Content
# NewsMind 🤖
## System Webpage Effect Display

## Feature Overview 🌟
- 🔍 Generate news-related information based on LLM.
- 📰 The RAG system automatically stores and recalls retrieved news content.
- 🌐 Supports bilingual news search and processing in Chinese and English.
- 🧠 Article filtering and content relevance assessment based on LLM.
- 📊 Automatically integrates multi-domain news content to generate structured reports.
- 📧 Automatic email distribution system, supporting multiple recipients.
- ⏰ Supports scheduled execution.
- 🤖 Central agent automatically schedules all tasks.
## Implementation Principle 🏗️
This system adopts a central agent for unified scheduling, a multi-tool agent collaborative architecture, combined with API news retrieval, LangChain agent orchestration, and LlamaIndex to build an Agentic RAG system, achieving efficient and intelligent news aggregation and distribution.
### System Architecture and Process
This system is completed by a core intelligent agent and four tool agents:
1. **NewsMind Agent - Core**
- As the central task scheduling agent, it uses DeepSeek-R1-Distill-Qwen-14B as the central processor. Upon receiving user instructions, it can automatically schedule all tasks. Its main functions include:
- Determine whether to call tool agents; if not needed, it engages in dialogue with the user using the model's own knowledge.
- Decide the type of agent to call (search / rag / none); for news-related questions, it determines whether to search for the latest news or recall historical news.
- Extract keywords from user questions to direct the search/retrieval of news in areas of interest to the user.
- Implementation Method: Function call
2. **RAG Agent**
Built on the LlamaIndex framework, combined with the Qdrant vector database to achieve efficient Retrieval-Augmented Generation. The main functions of this agent include:
- Receive scheduling requests from the NewsMind agent and perform vector retrieval based on user-provided questions and keywords.
- Query the pre-built news corpus vector index in Qdrant based on keywords to recall relevant historical news content.
- Support vectorized storage and retrieval of multi-domain news, ensuring long-term memory capability for historical topics.
3. **News Retrieval Agent**
- Based on the LangChain framework, it calls the qwen-plus large model to dynamically generate keyword pairs in both Chinese and English across all domains, as well as subsequent news filtering prompts, saving them to `domainsConf.json`.
- The large model, combined with domain-specific prompts, filters or expands highly relevant keywords from the `domainsConf.json` file to generate keyword combinations for news retrieval.
- Using the above keyword combinations, it automatically calls the news API to retrieve the latest news, supporting multilingual and multi-domain parallel retrieval, enhancing information coverage.
4. **Content Integration and Filtering Agent**
- Deduplicates, aggregates, and structures the retrieved news.

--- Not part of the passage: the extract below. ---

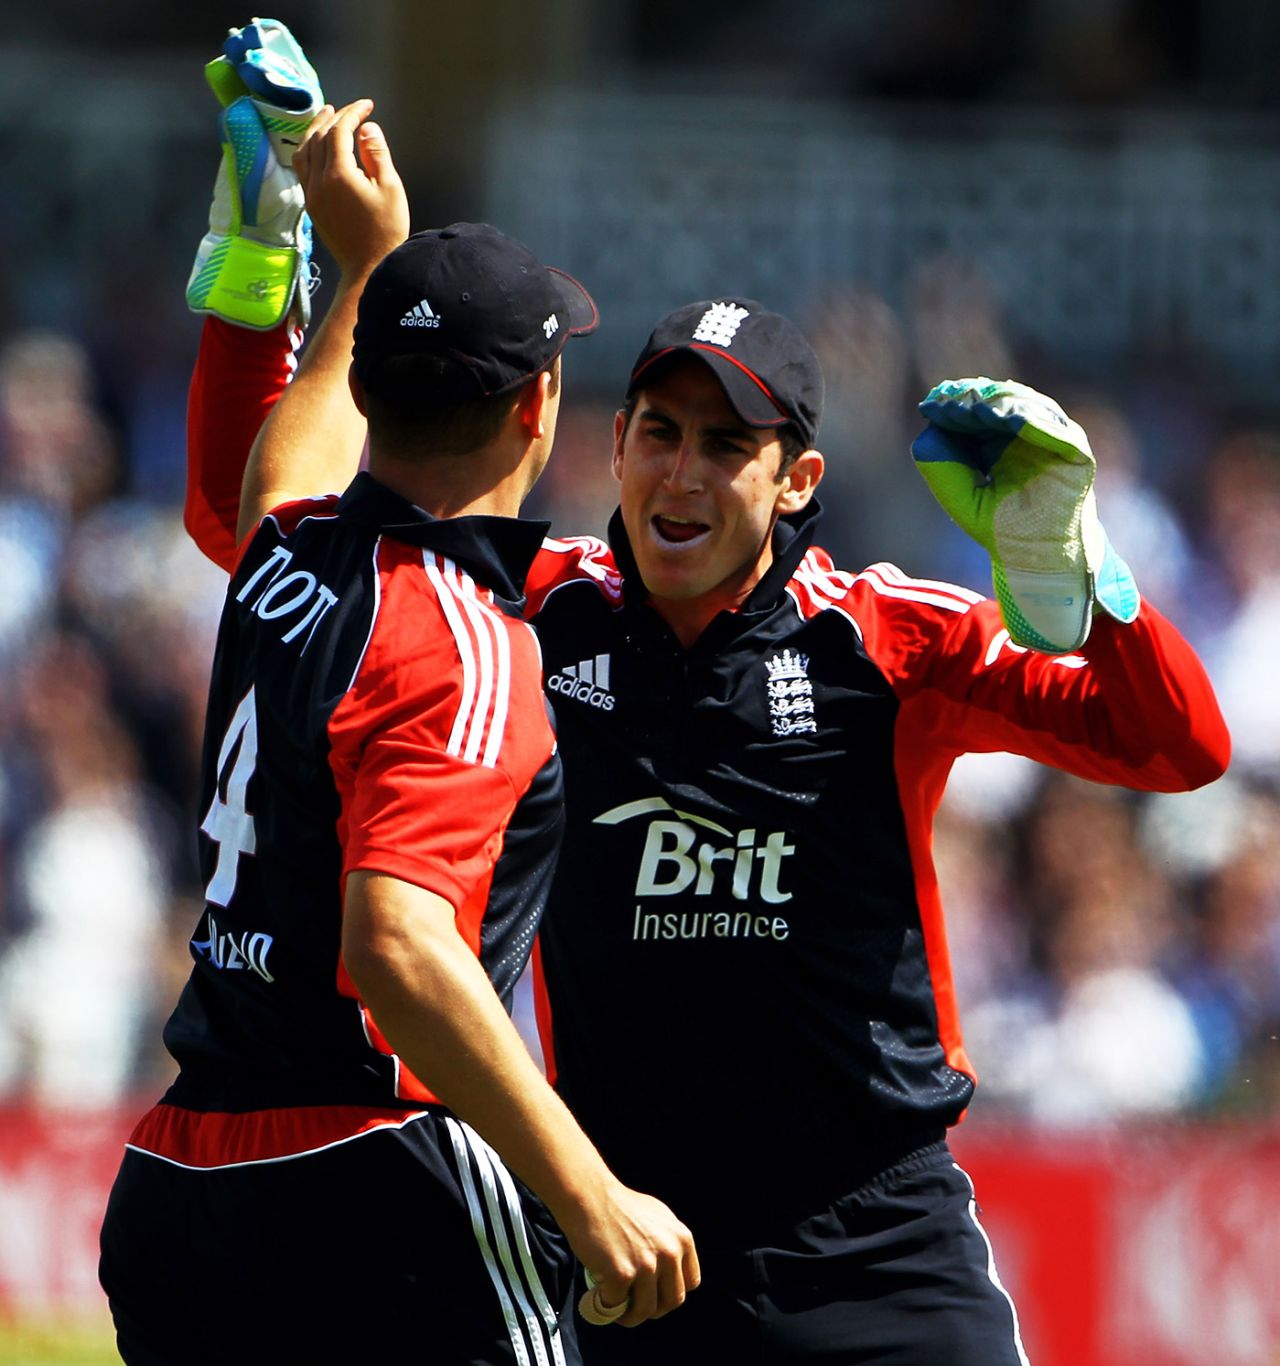 Jonathan Trott and Craig Kieswetter celebrate a wicket, England v Sri Lanka, 4th ODI, Trent Bridge, July 6 2011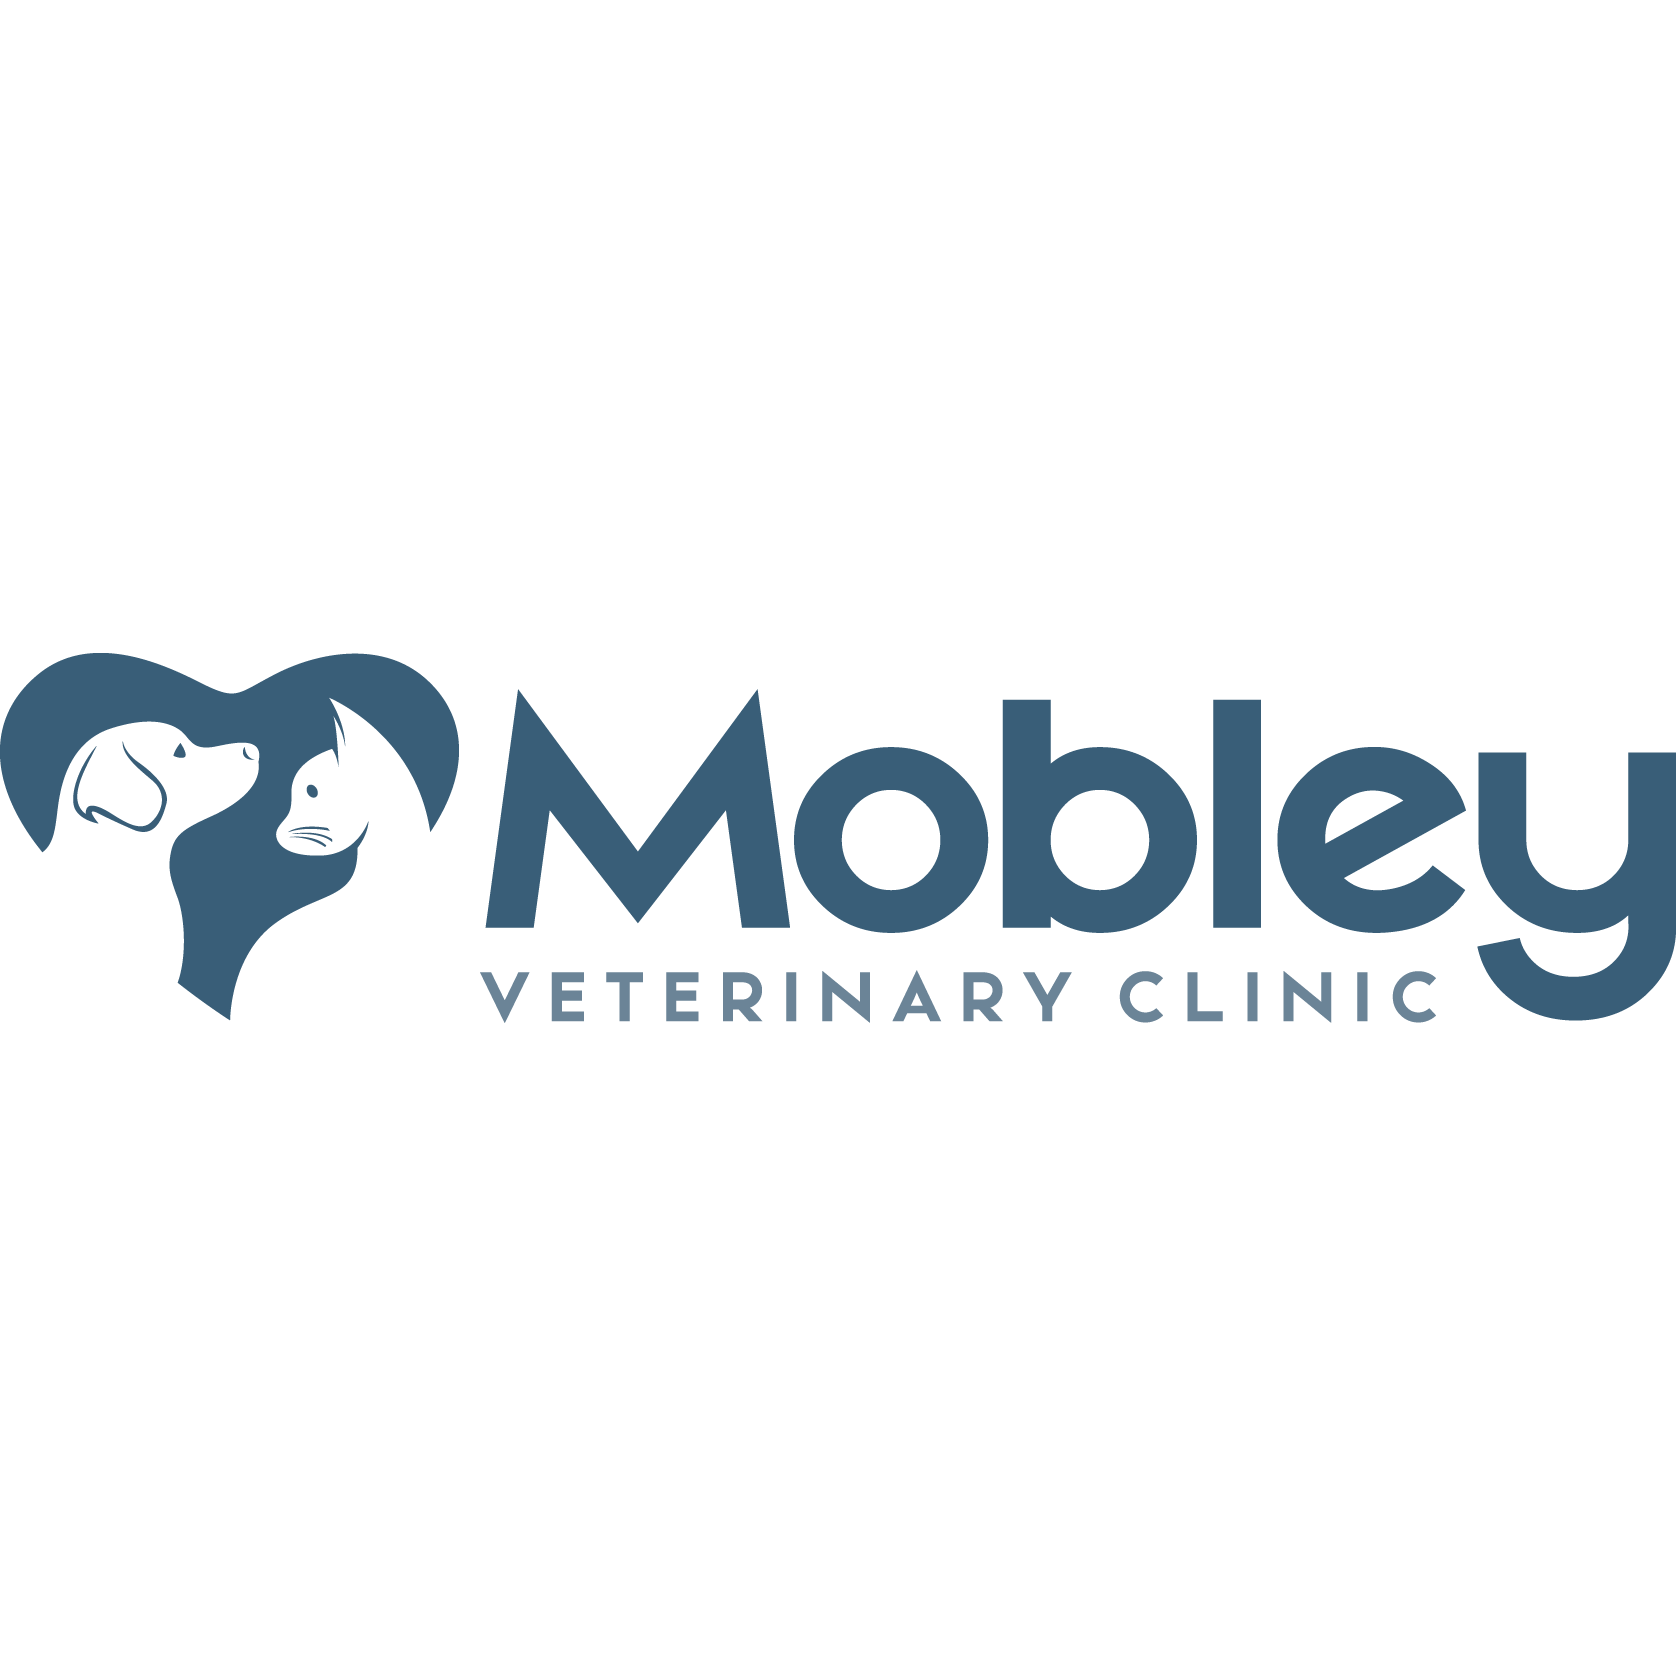 Mobley Veterinary Clinic - Nashville, TN 37216 - (615)262-0415 | ShowMeLocal.com

- Evaluates the relevance and representativeness of news content based on the qwen-plus large model, filtering high-value information to ensure diverse and representative results.
5. **Email Distribution Agent**
- Automatically generates structured news briefs and email subjects.
- Reads the `EMAIL_RECEIVER` field from the `.env` file as the recipient's email address (if there are multiple emails, please separate them with spaces).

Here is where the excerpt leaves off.